Не заметили, как к подворью Григорихи собрались со всего хутора бабки — кто с рукоделием, кто с ребятенком. Слушают наши разговоры, вздыхают. И все-то у них написано на лицах — все невзгоды, все переживания, доставшиеся на долю этим женщинам, и когда видишь их опечаленные глаза, всякий раз словно кто-то острой стекляшкой скребнет тебе по сердцу больнехонько и глубоко.

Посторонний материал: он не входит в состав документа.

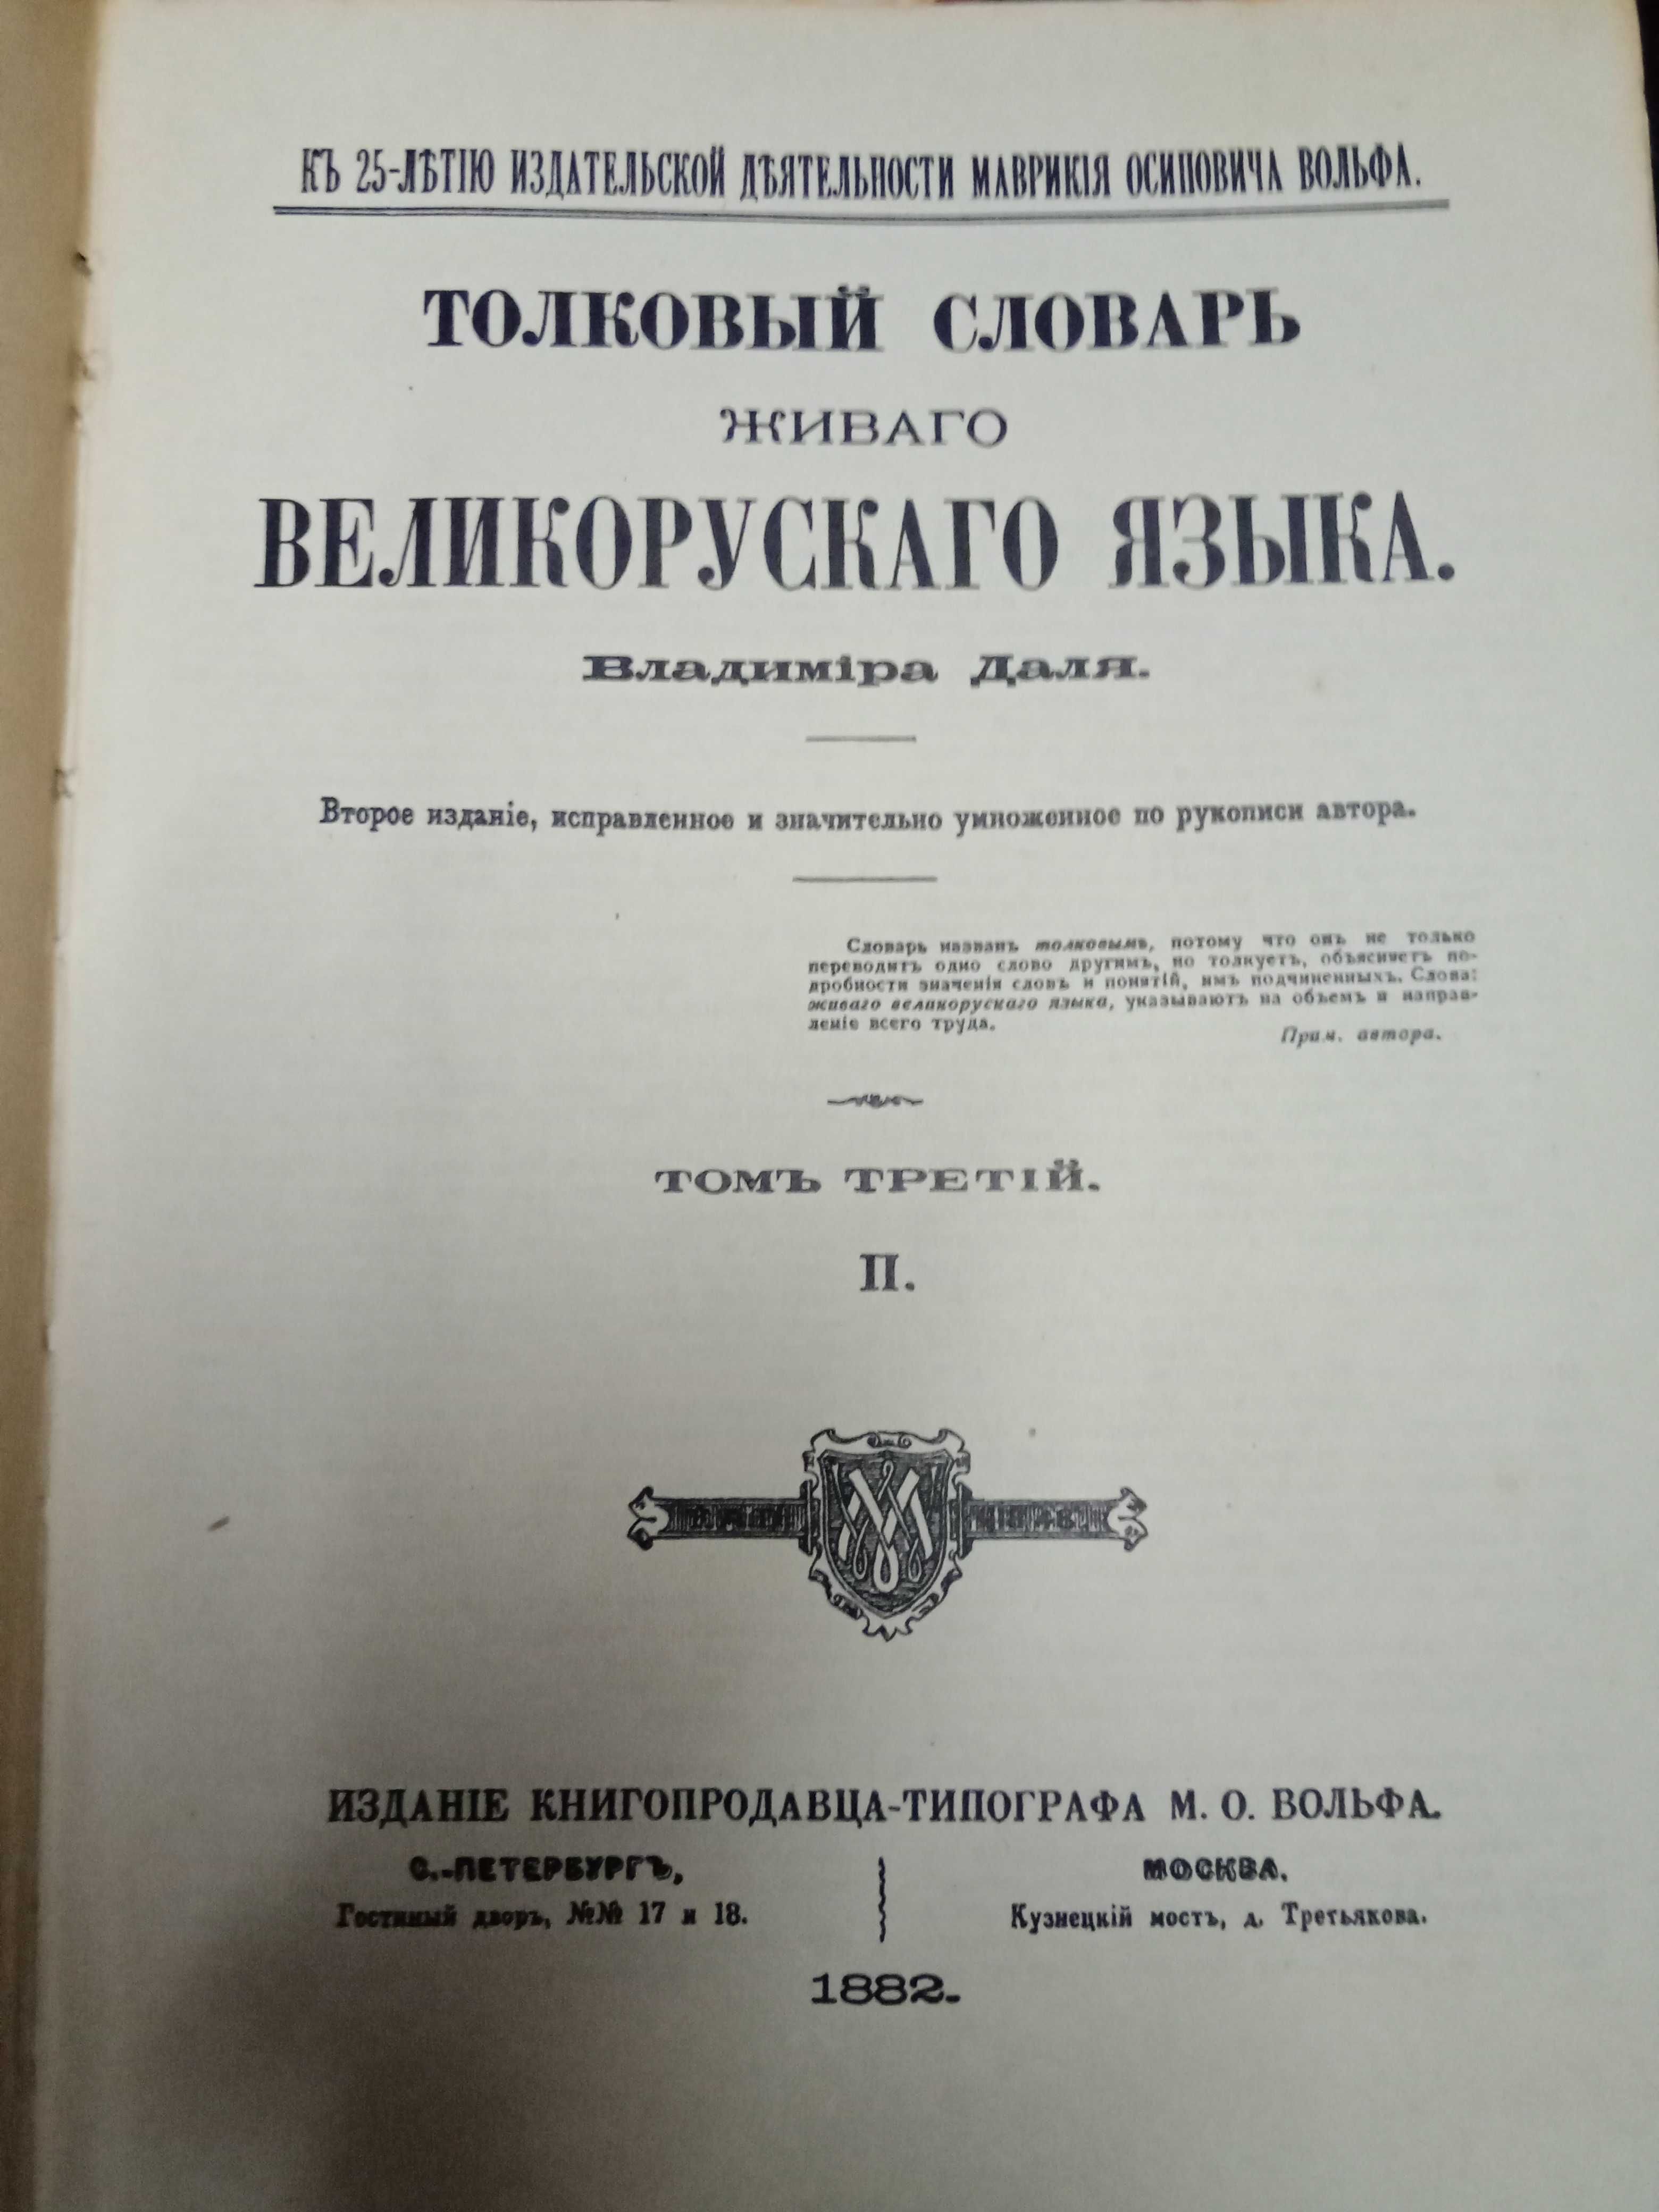 Толковый словарь в 4-х томах в. даля

…И какие ж красавицы на Руси росли! Косы толстенные, в руку, почти до пят. Ноги, не знавшие обуви, от росы красны. Ситцы — любимейший их наряд. В праздности ни единого дня. Все-то умели: ткать, молотить и коня взнуздать. Шли к роднику не с одним ведром, а с двумя, чтоб не страдала девичья стать. Им бы счастья… И за какую вину по их судьбам прошлась громыхающая беда? Проводили ненагляды суженых на войну: кто — на четыре года, кто — навсегда. И за теми из них, кому в благодатном мае встреча с милым была суждена, поднялись незабудки, иван-да-марья, неопалимая купина. А повсюду, где слезный оставила след сиротинка войны — вдова, проросли где прострел, где о́долень-цвет, где полынь, где плакун-трава…


Генерал заговаривает с окружившими его бабками: не узнать ему в них прежних беспечных босоногих девчонок.

— Чи ты и меня не признаваешь? — с озорством и вызовом спросила у гостя Параня Знатцева, кокетливо подбоченясь и прикрывая ладошкой беззубый рот.

Я с нетерпением ждал, когда эта разбитная женщина заговорит с генералом. Она по-детски наивна, непосредственна, таких здесь именуют препотешными: что думает, то и скажет.

Однако он все равно не узнает, даже рассердилась:

— Восподи! Экой беспамятный! Ведь ты же ухажером моим был, сватался. А я не схотела за тебя идти. Дюже ты был тогда некрасивый, все лицо в конопушках, как перепелиное яйцо.

Говорит, сама быстренько руку вытирает о сарафан, готовясь ее протянуть своему бывшему незадачливому жениху. Лицо его озарилось.

— Паша, неужто ты?!

— Восподи! Наконец-то узнал… Давай хоть поздоровкаемся, как бывало!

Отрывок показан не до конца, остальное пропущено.